February 15, 2008. Returning to our car that has been haphazardly parked - by me - on a narrow side street near the Princeton Medical Center - I see, thrust beneath a windshield wiper, what appears to be a sheet of stiff paper. At once my heart clenches in dismay, guilty apprehension - a ticket? A parking ticket? At such a time? Earlier that afternoon I'd parked here on my way - hurried, harried - a jangle of admonitions running through my head like shrieking cicadas - if you'd happened to see me you might have thought pityingly That woman is in a desperate hurry - as if that will do any good - to visit my husband in the Telemetry Unit of the medical center where he'd been admitted several days previously for pneumonia; now I need to return home for a few hours preparatory to returning to the medical center in the early evening - anxious, dry-mouthed and head-aching yet in an aroused state that might be called hopeful - for since his admission into the medical center Ray has been steadily improving, he has looked and felt better, and his oxygen intake, measured by numerals that fluctuate with literally each breath - 90, 87, 91, 85, 89, 92 - is steadily gaining, arrangements are being made for his discharge into a rehab clinic close by the medical center - (hopeful is our solace in the face of mortality); and now, in the late afternoon of another of these interminable and exhausting hospital days - can it be that our car has been ticketed? - in my distraction I'd parked illegally? - the time limit for parking on this street is only two hours, I've been in the medical center for longer than two hours, and see with embarrassment that our 2007 Honda Accord - eerily glaring-white in February dusk like some strange phosphorescent creature in the depths of the sea - is inexpertly, still more inelegantly parked, at a slant to the curb, left rear tire over the white line in the street by several inches, front bumper nearly touching the SUV in the space ahead. But now - if this is a parking ticket - at once the thought comes to me I won't tell Ray, I will pay the fine in secret.
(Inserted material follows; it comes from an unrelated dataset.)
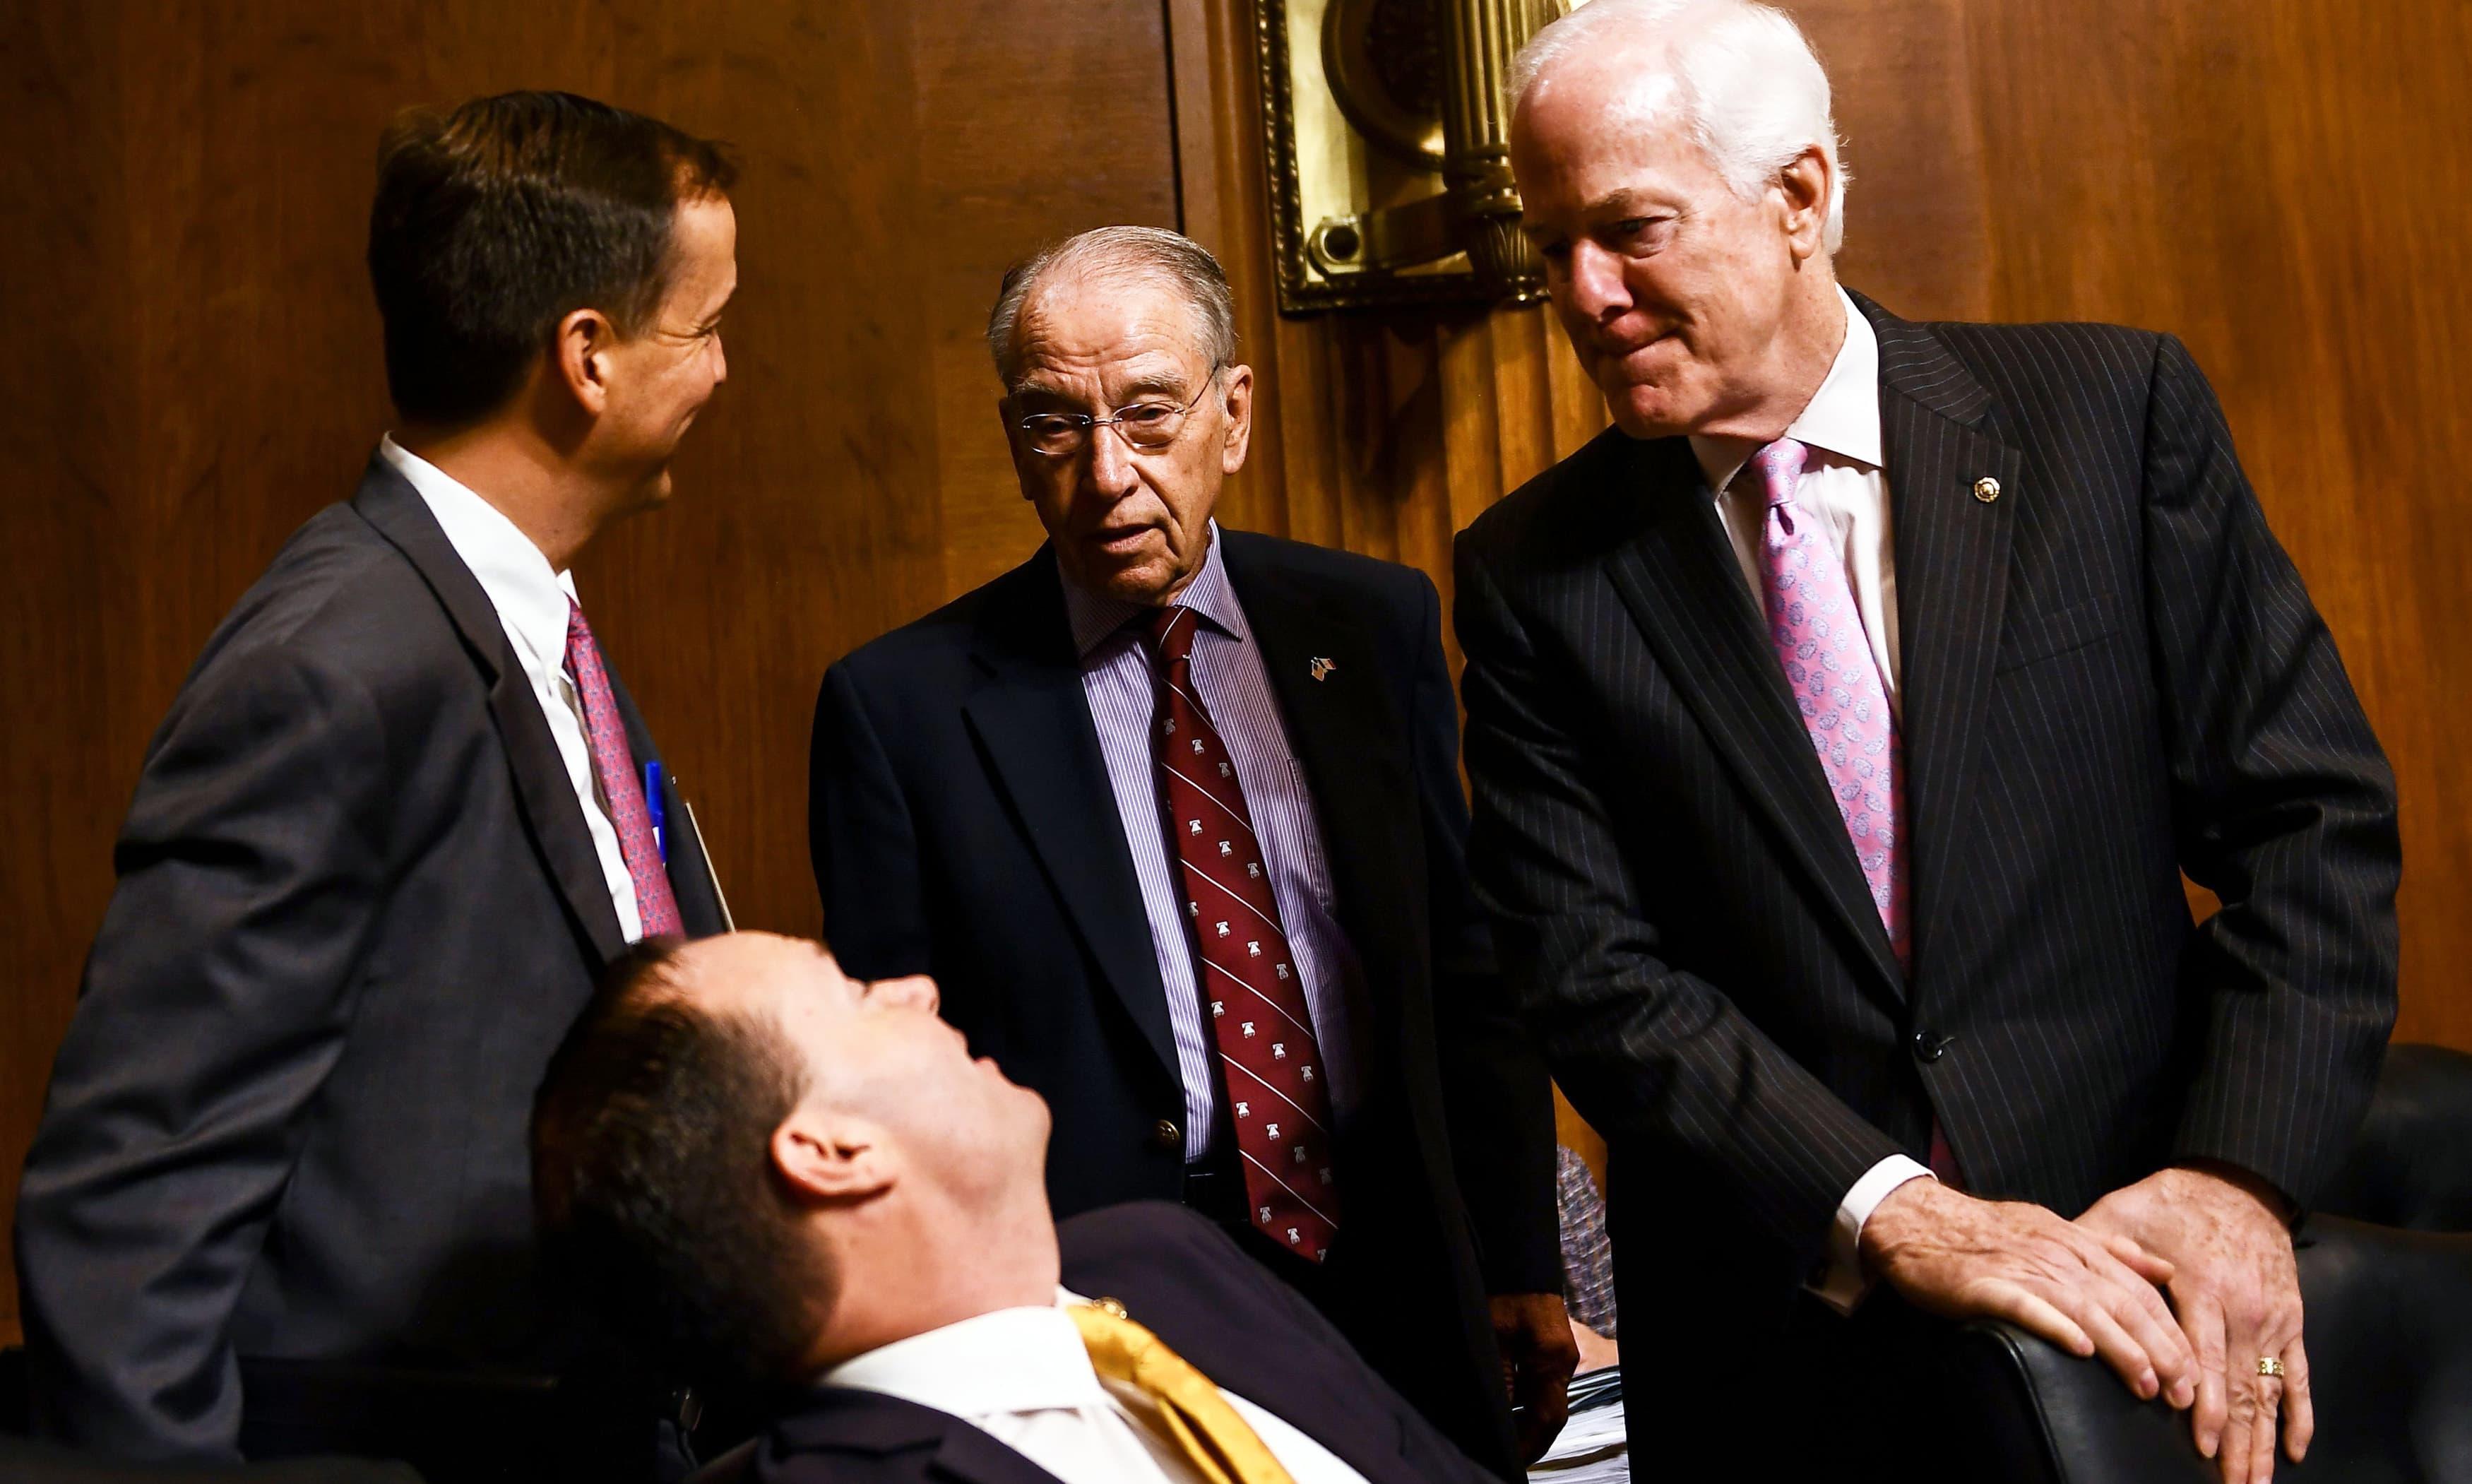 GOP agrees to FBI probe of Trump's Supreme Court pick Kavanaugh, delaying Senate vote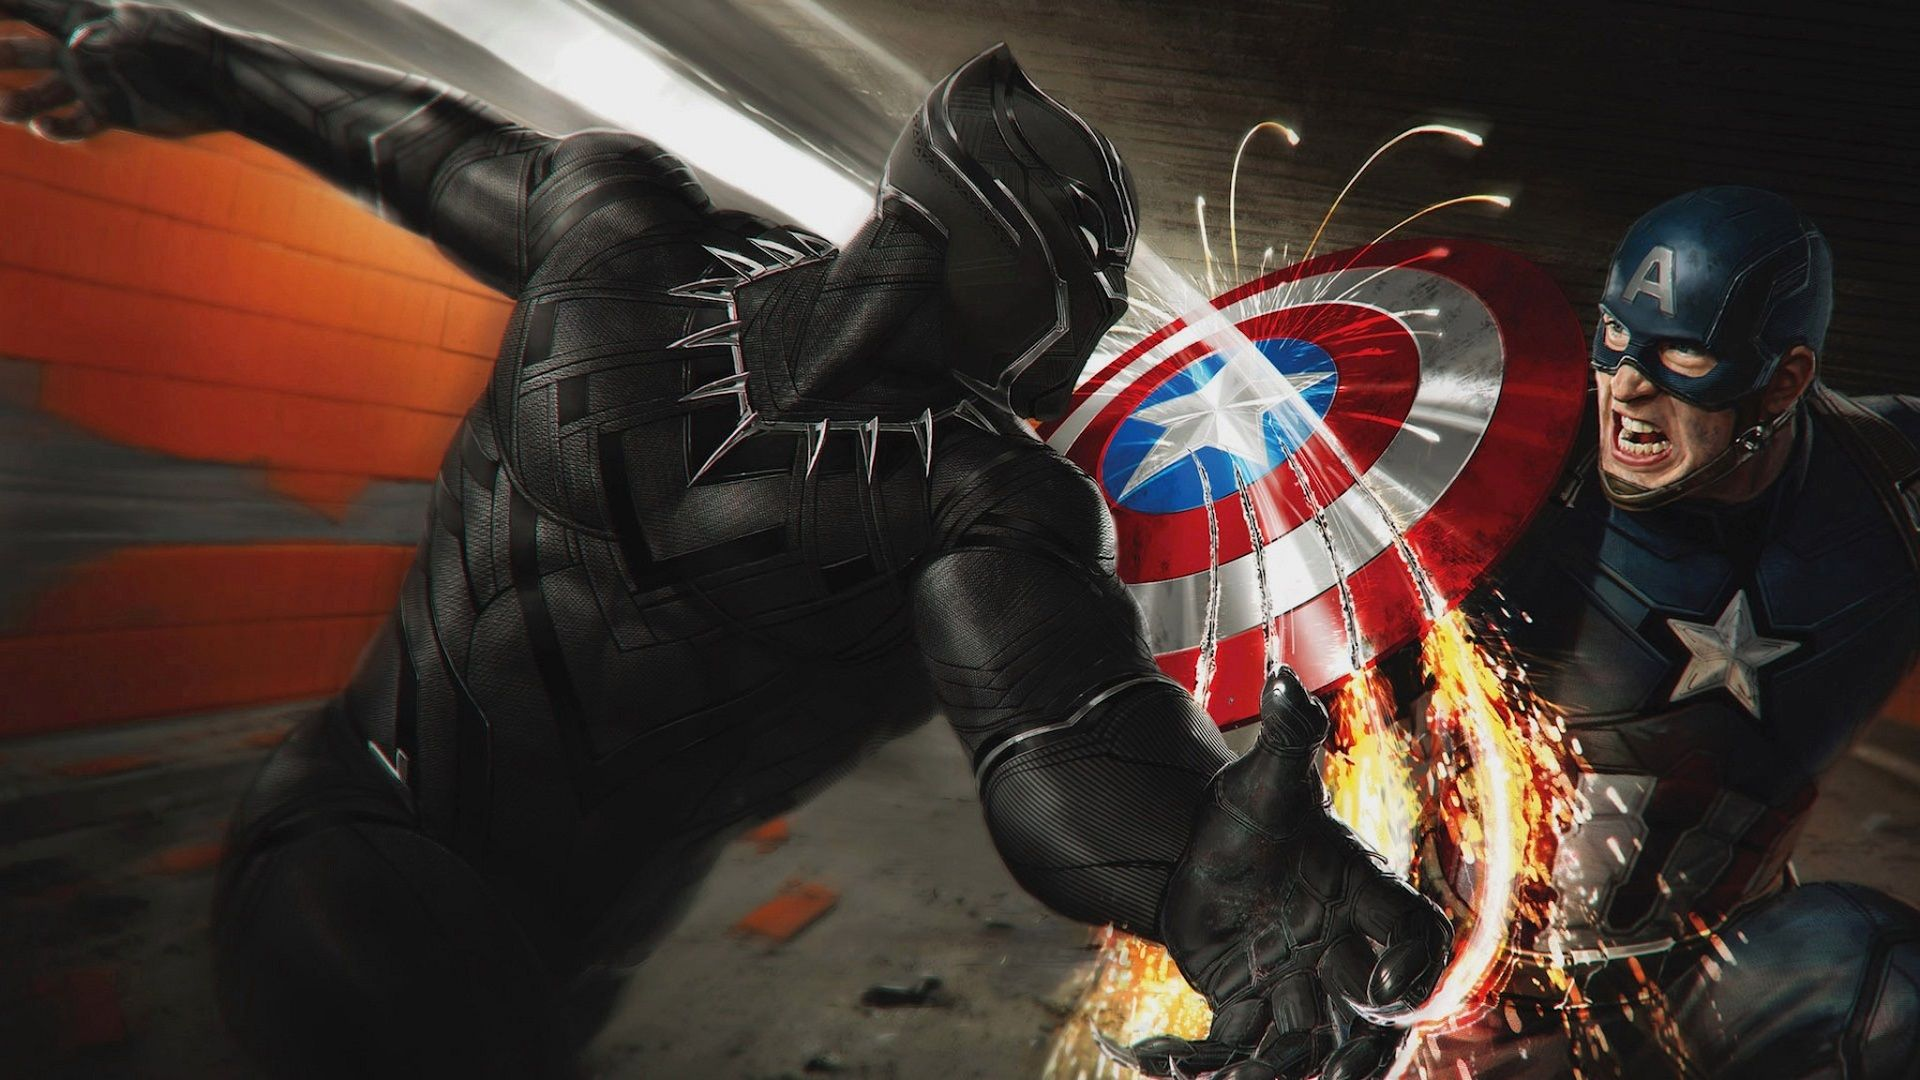 General 1920x1080 Captain America Black Panther Marvel Cinematic Universe Marvel Comics Artwo Black Panther Hd Wallpaper Captain America Captain America Poster

Except the sheet of paper isn't a ticket from the Princeton Police Department after all but a piece of ordinary paper - opened and smoothed out by my shaky hand it's revealed as a private message in aggressively large block-printed letters which with stunned staring eyes I read several times like one faltering on the brink of an abyss -

LEARN TO PARK STUPPID BITCH

In this way as in that parable of Franz Kafka in which the most profound and devastating truth of the individual's life is revealed to him by a passerby in the street, as if accidentally, casually, so the Widow-to-Be, like the Widow, is made to realize that her situation however unhappy, despairing or fraught with anxiety, doesn't give her the right to overstep the boundaries of others, especially strangers who know nothing of her - "Left rear tire over the white line in the street."